Артисты труппы

Артисты, занятые в спектаклях МХТ

Рисковал, но выиграл

Алексей Филиппов, Московские новости, 20.01.2006
Спектакль будет идти на малой сцене, поставил его известный провинциальный режиссер Владимир Петров. Своим появлением в афише МХТ имени Чехова повесть обязана тому, что Олег Табаков нежно любит прозу Распутина. Удивительно то, что этот — вполне альтруистический — выбор может оказаться и коммерчески успешным.

Владимир Петров режиссер очень достойный. Обстоятельный, вдумчивый, интеллигентный. Любящий глобальные проблемы и серьезный театр, умеющий дать красивую картинку (кроме него это в Москве не делает, пожалуй, никто). Но у него есть немаловажный недостаток: он бывает скучен. Благими намерениями мостят известно куда ведущие дороги: доверив Петрову трагический, плохо ложащийся на язык сцены текст, театр рисковал.

Жанр спектакля режиссер определил как «театральная повесть». Значит, во главу угла будет поставлена не интерпретация, не приращение смысла, а сам текст: театр попытается услышать автора. Содержание большой, без малого двухсотстраничной книги уложилось в два часа сценического времени, и спектакль неспешно плывет к финалу: темная сцена, помост, возвышающийся посреди него прозрачный куб, четыре актера.
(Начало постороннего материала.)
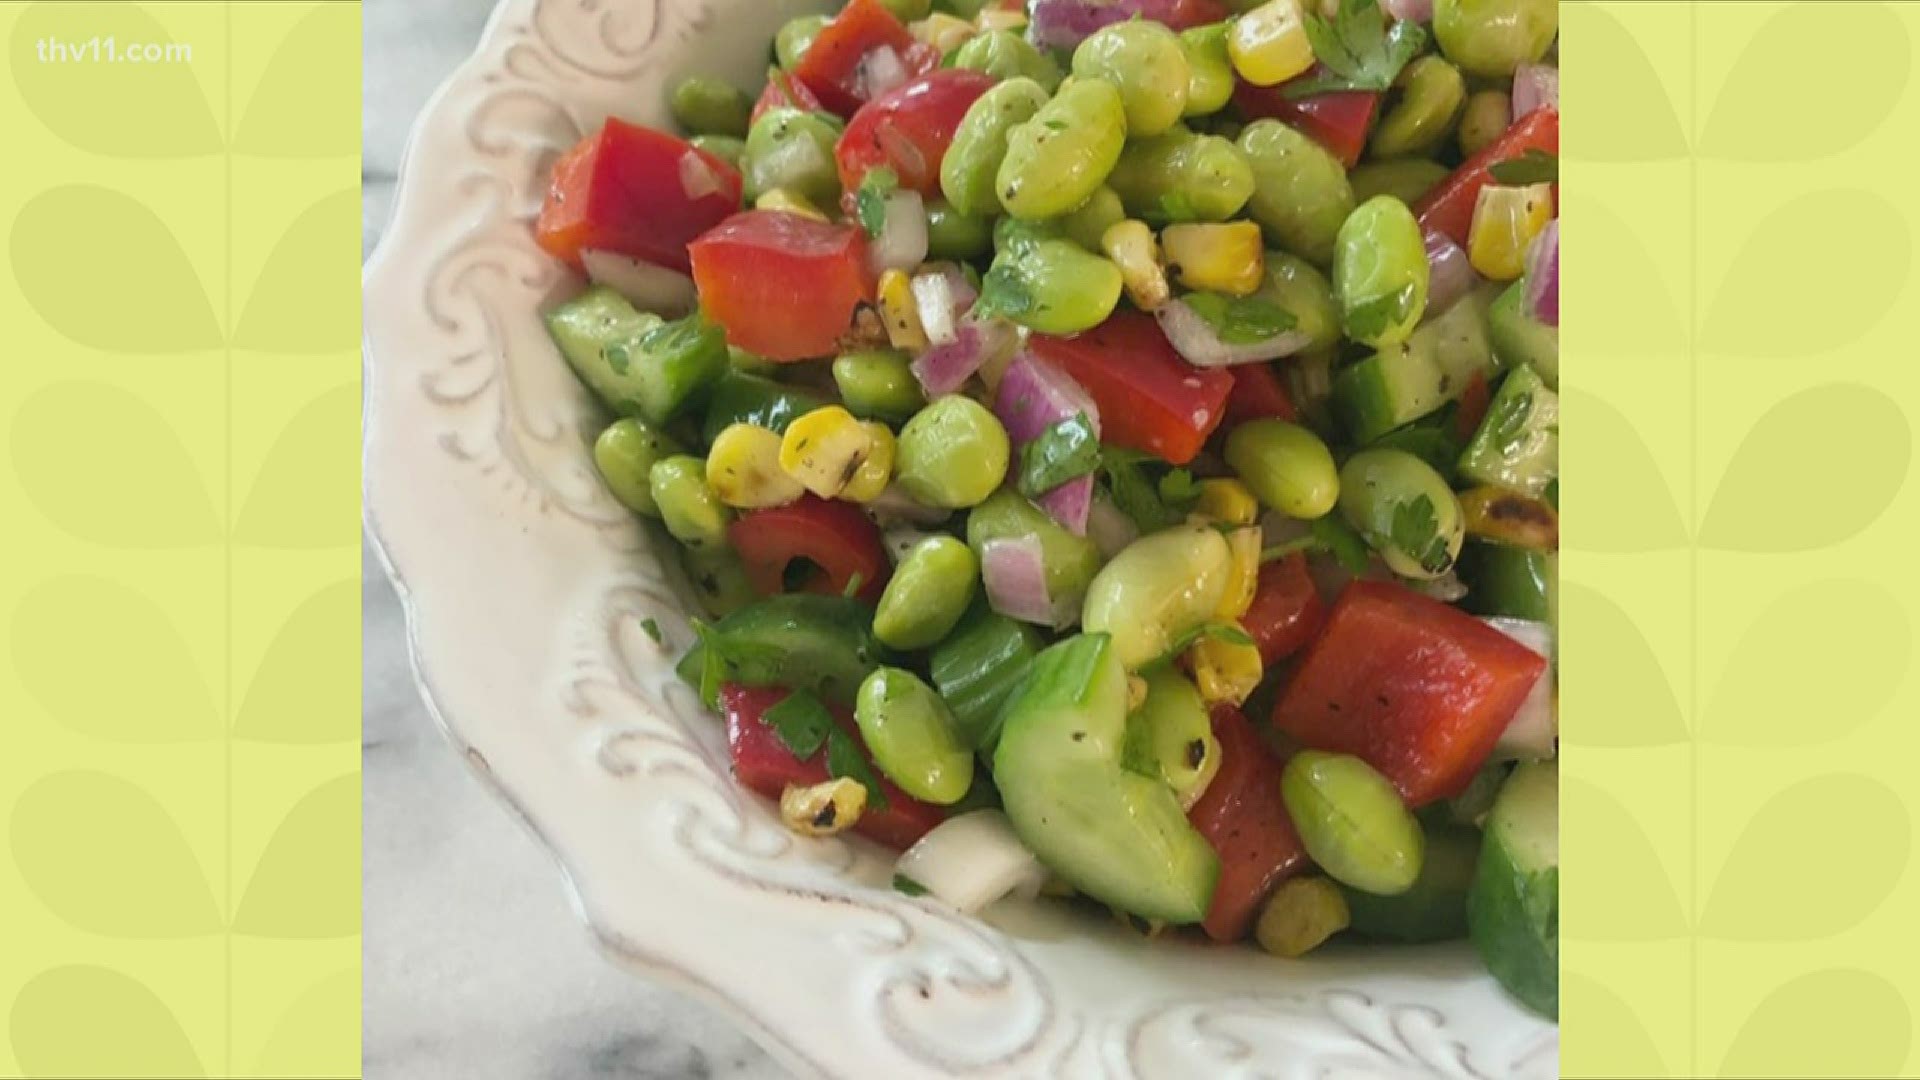 Whether you're camping out or grilling in your backyard, this delicious and healthy salad is a perfect side dish!

В советские времена историю дезертира Андрея, в конце 1944 года скрывающегося возле родной сибирской деревни, и его жены Настены, прятавшей мужа, забеременевшей от него и принявшей мученическую смерть, знали все интеллигентные люди, а новому, двадцати — тридцатилетнему зрителю она едва ли известна. Но Владимир Петров строит спектакль, не расшифровывая свои метафоры, — вот Настена протягивает по краю помоста длинное полотенце с золотистым караваем, приманивая затаившегося неподалеку, опознанного шестым чувством мужа. Смысл сцены понятен тому, кто помнит текст, непосвященному она напоминает магическое камлание: трепетное отношение к книге порой играет с режиссером злую шутку.

Распутинский текст образен, поэтичен, упруг. То, что в повести произносит автор, режиссер передал героям — и текст поплыл, стал казаться многословным. Иногда спектакль кажется затянутым, порой — скучноватым. И все же его появление сильно украсит нынешний московский сезон. Лично я стосковался по такому театру: неспешному, подчеркнуто не развлекающему, ведущему речь о том, что важно. А важны в спектакле, читающем распутинский текст в 2оо6 году, когда Отечественная война с ее проблематикой становится далеким от нас мифом, отношения Андрея и Настены, мужчины и женщины, верной жены, становящейся для загнанного мужа всем на свете.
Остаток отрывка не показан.